+++ Stored data +++

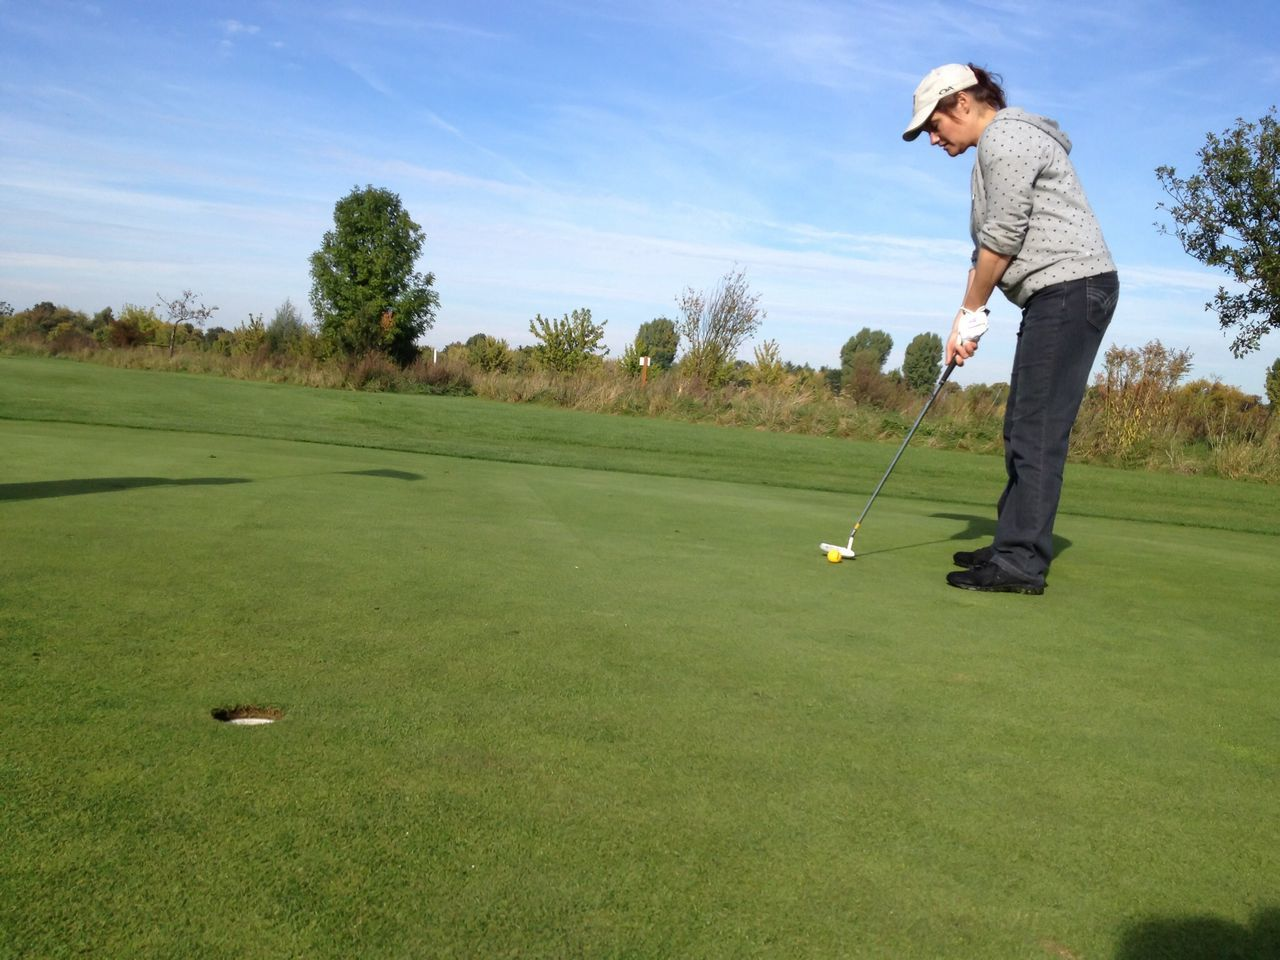 Beautiful stock photos of golf, NULL
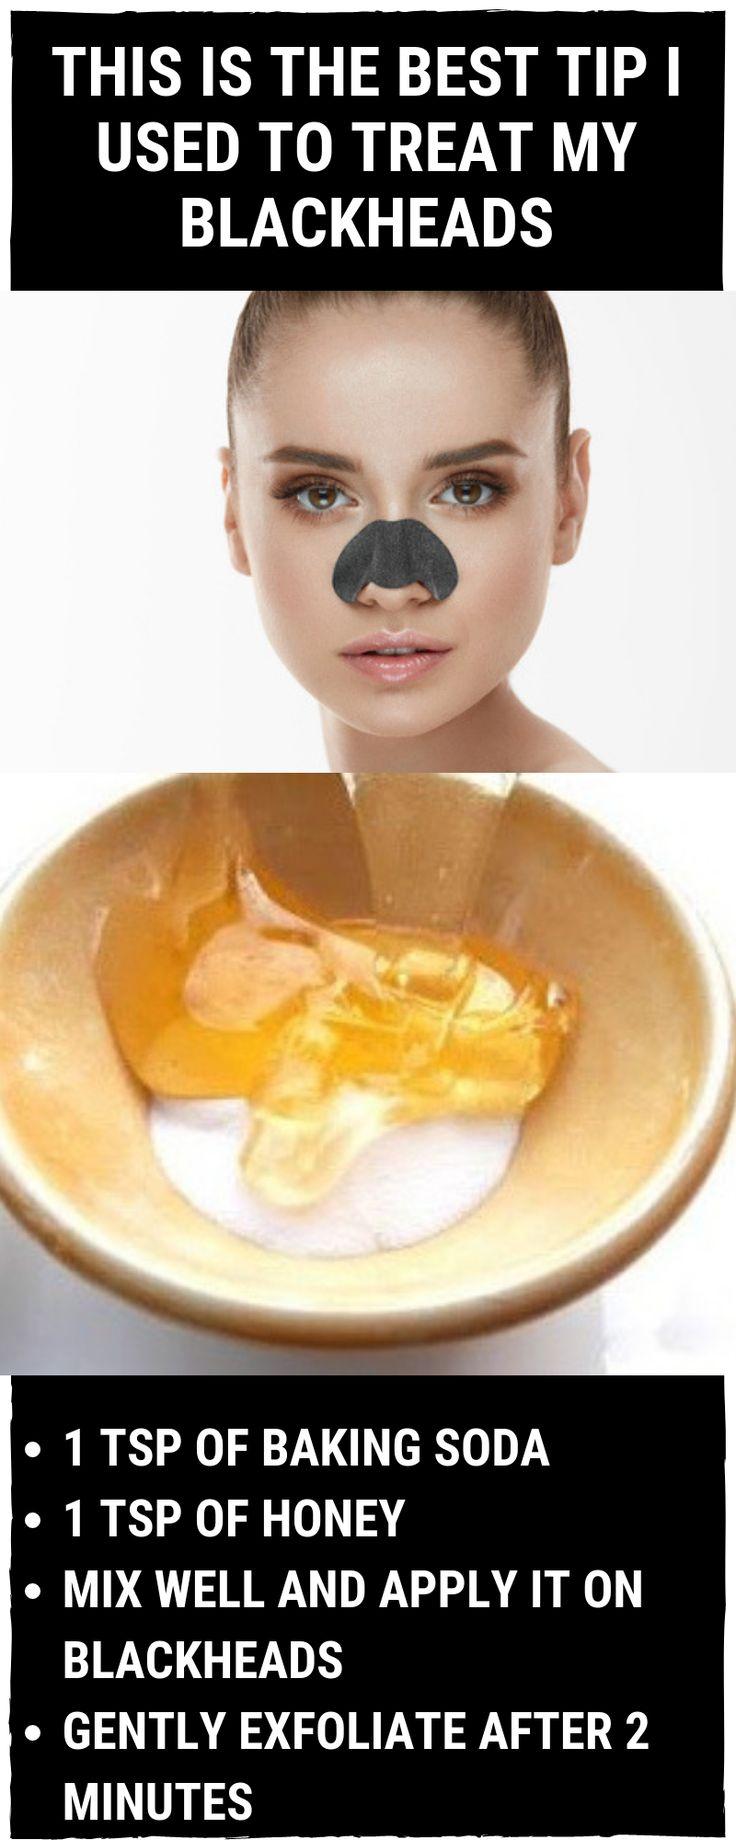 How To Use Honey To Get Rid Of Blackheads #blackheads#blackheadspopping #skincare #skin #homeremedies
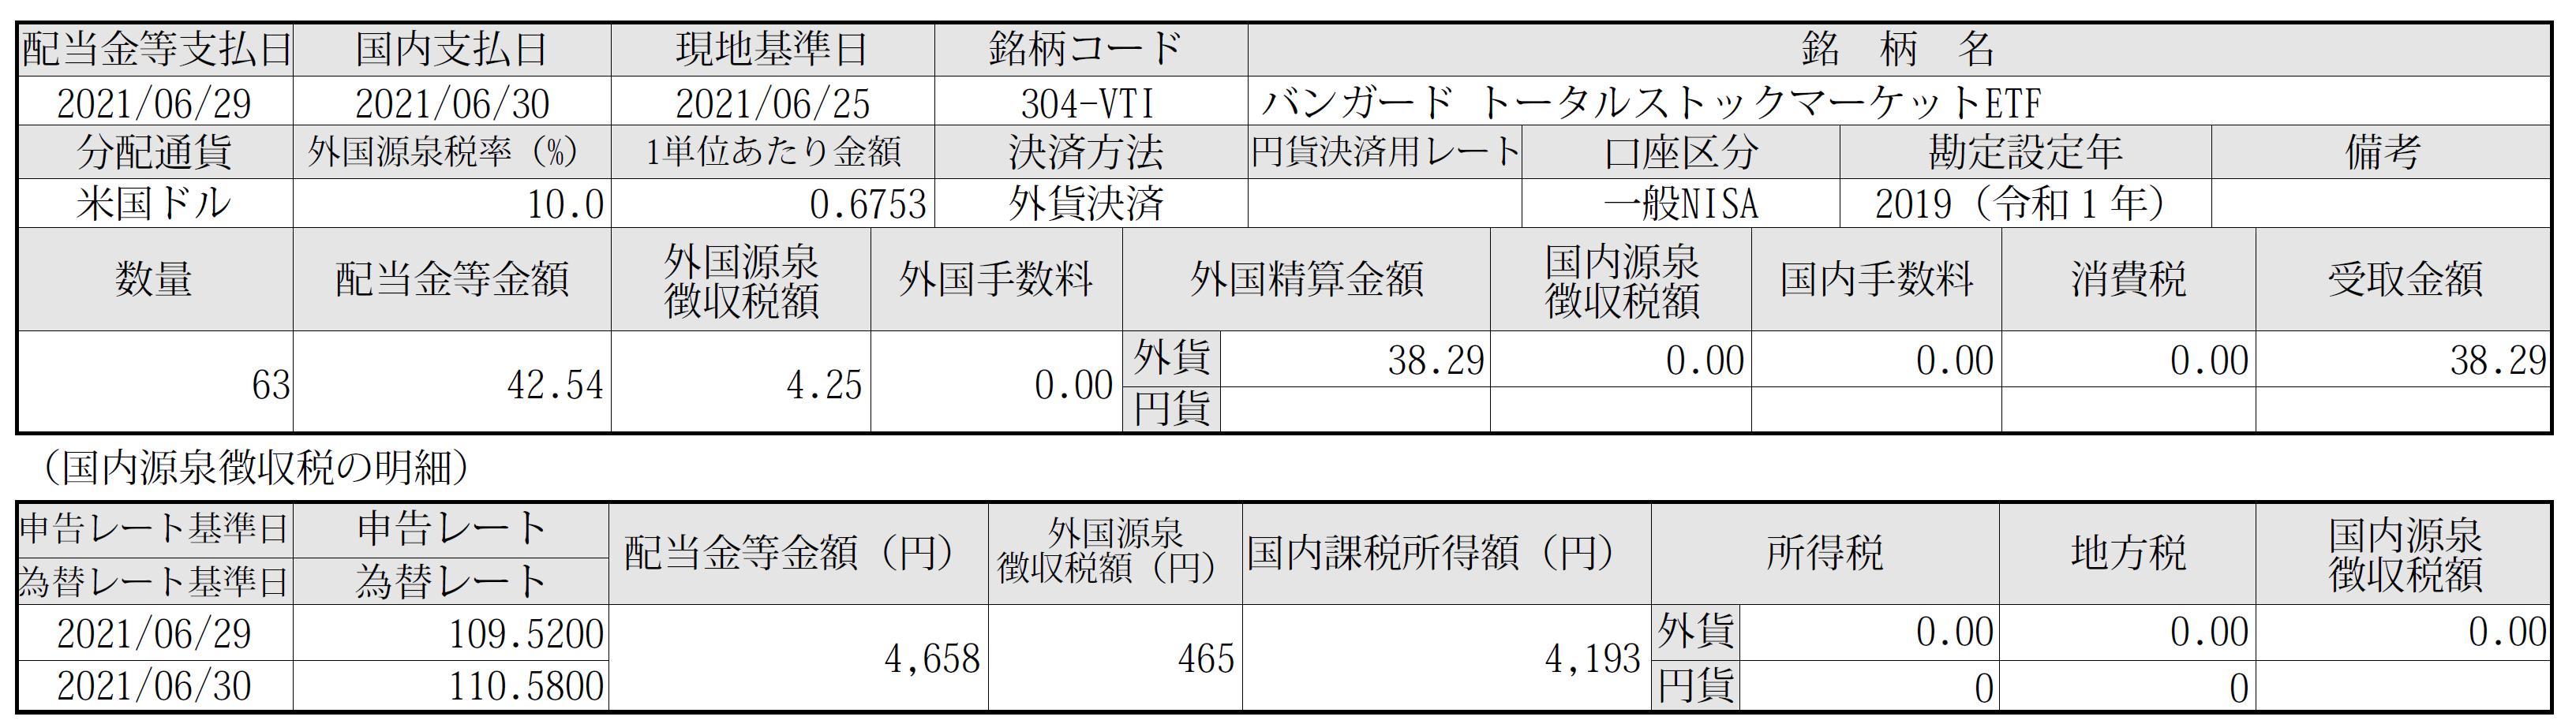 f:id:hodo-work:20210706193348p:plain

+++

__Required work__: Output the material word for word, and keep the pictures out.

__Output of the exercise__:
 Beautiful stock photos of golf, NULL
 How To Use Honey To Get Rid Of Blackheads #blackheads#blackheadspopping #skincare #skin #homeremedies
 f:id:hodo-work:20210706193348p:plain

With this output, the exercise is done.